They could do that, but they haven't really woken up to the huge threat to
their markets that electric cars are posing. They still believe that ICE cars
are what people really want. Ford has just announced now that it will begin
designing hybrid vehicles. They're a few years behind.

If they decided now that they're going to fund their own gigafactory, it would
only be ready in 4-5 years. Where do you think Tesla is going to be then? If
things go as planned, in 4-5 years, Tesla could have sold 2+ million Model
3's, and be on its way to more new models.

> when all major automotive companies have EV vehicles, what's going to
> differentiate them? The accuracy of the self driving software? Entertainment
> options within the vehicle? Serious question.

\- Better performance. The Model 3 isn't a model S, but you can be sure that
it will kick the Leaf and Chevy Bolt in the balls.

\- Slicker looks

\- Brand appeal. Don't underestimate this. Think Apple.

\- A supercharger network that's already in place.

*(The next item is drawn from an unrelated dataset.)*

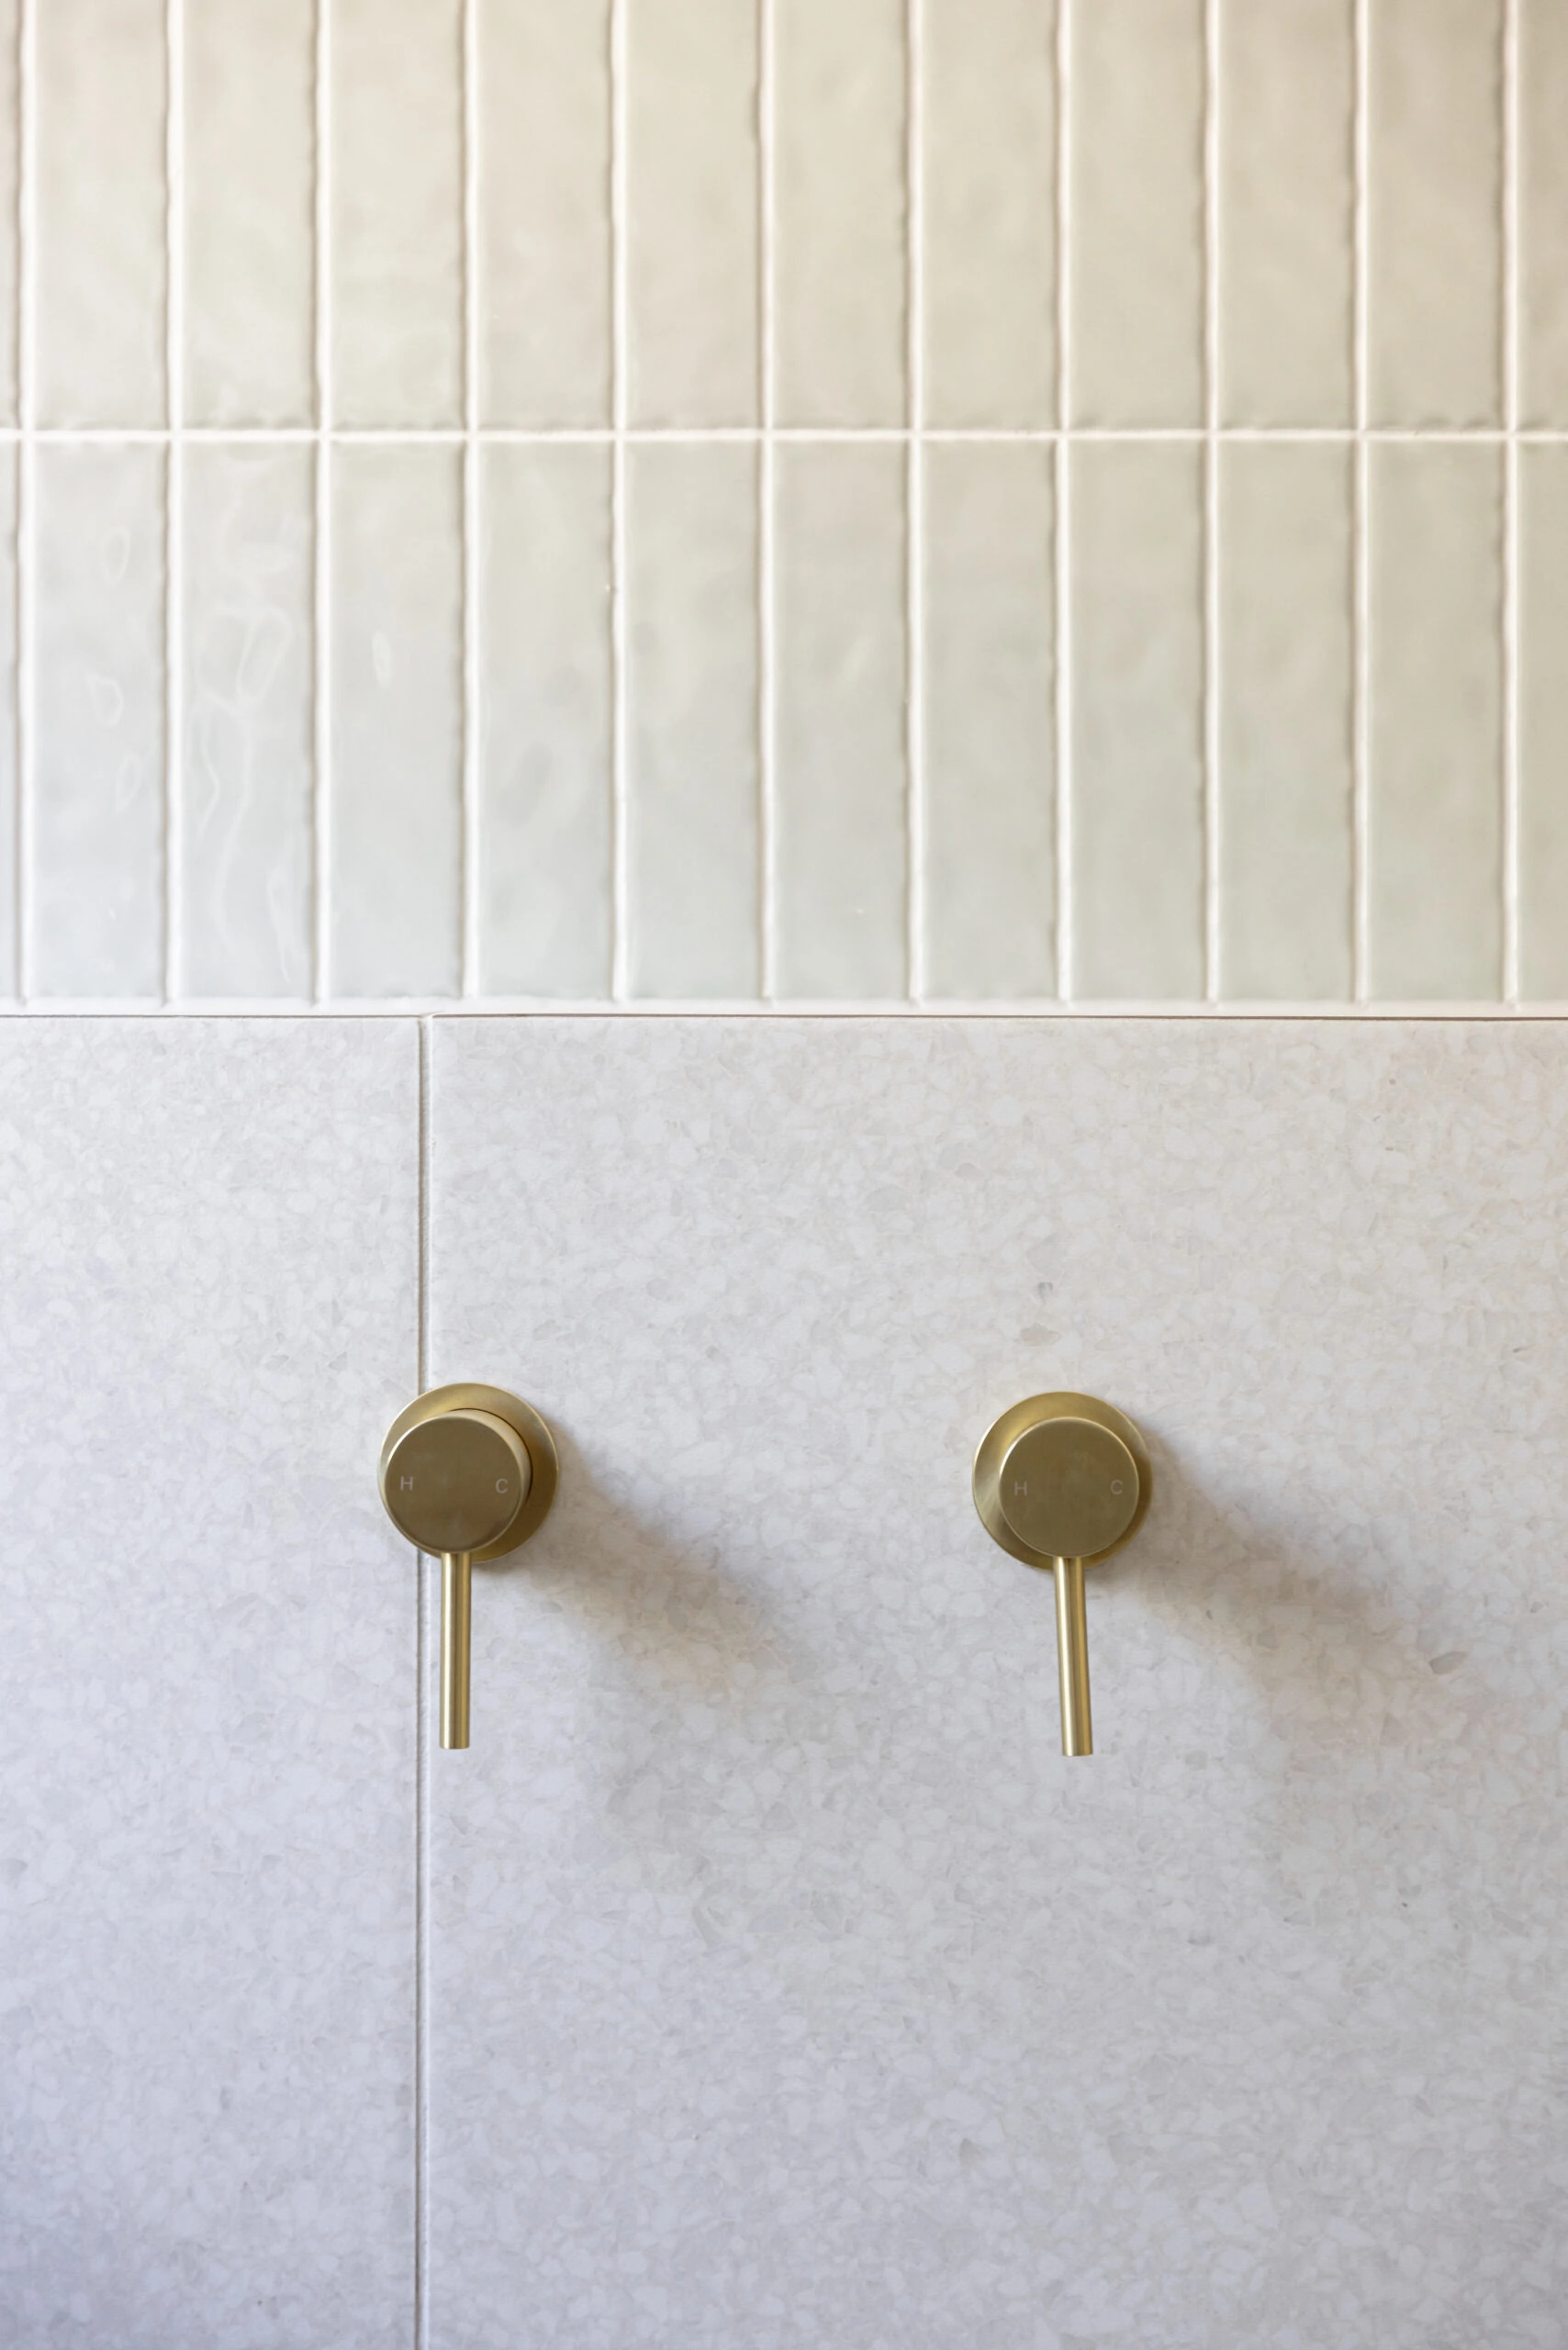 Gold taps on light bathroom tiles

Other vendors all have
major catching up to do.

Another thing to consider is, Tesla has a lot of expertise and an EV designed
from the ground up to be electric. Other vendors can't just come up with that
tomorrow. It takes time to design and refine a product. IMO, by the time Ford
really wakes up, they will largely be fucked. Not just because of Tesla, but
because all other vendors are already ahead.

------
abakker
Of the major automakers, Toyota probably has the furthest behind ICE
platforms. The 5.7L V8 and the 4.6L v6 are 10 years old, and very fuel
inefficient compared to the the engines from ford or GM. I think that Toyota
really has the most to fear in this case, since they haven't had any success
bringing out more efficient ICE/Drivetrains to match the competition, and
haven't really managed to scale the hybrid efficiency past the sedan market.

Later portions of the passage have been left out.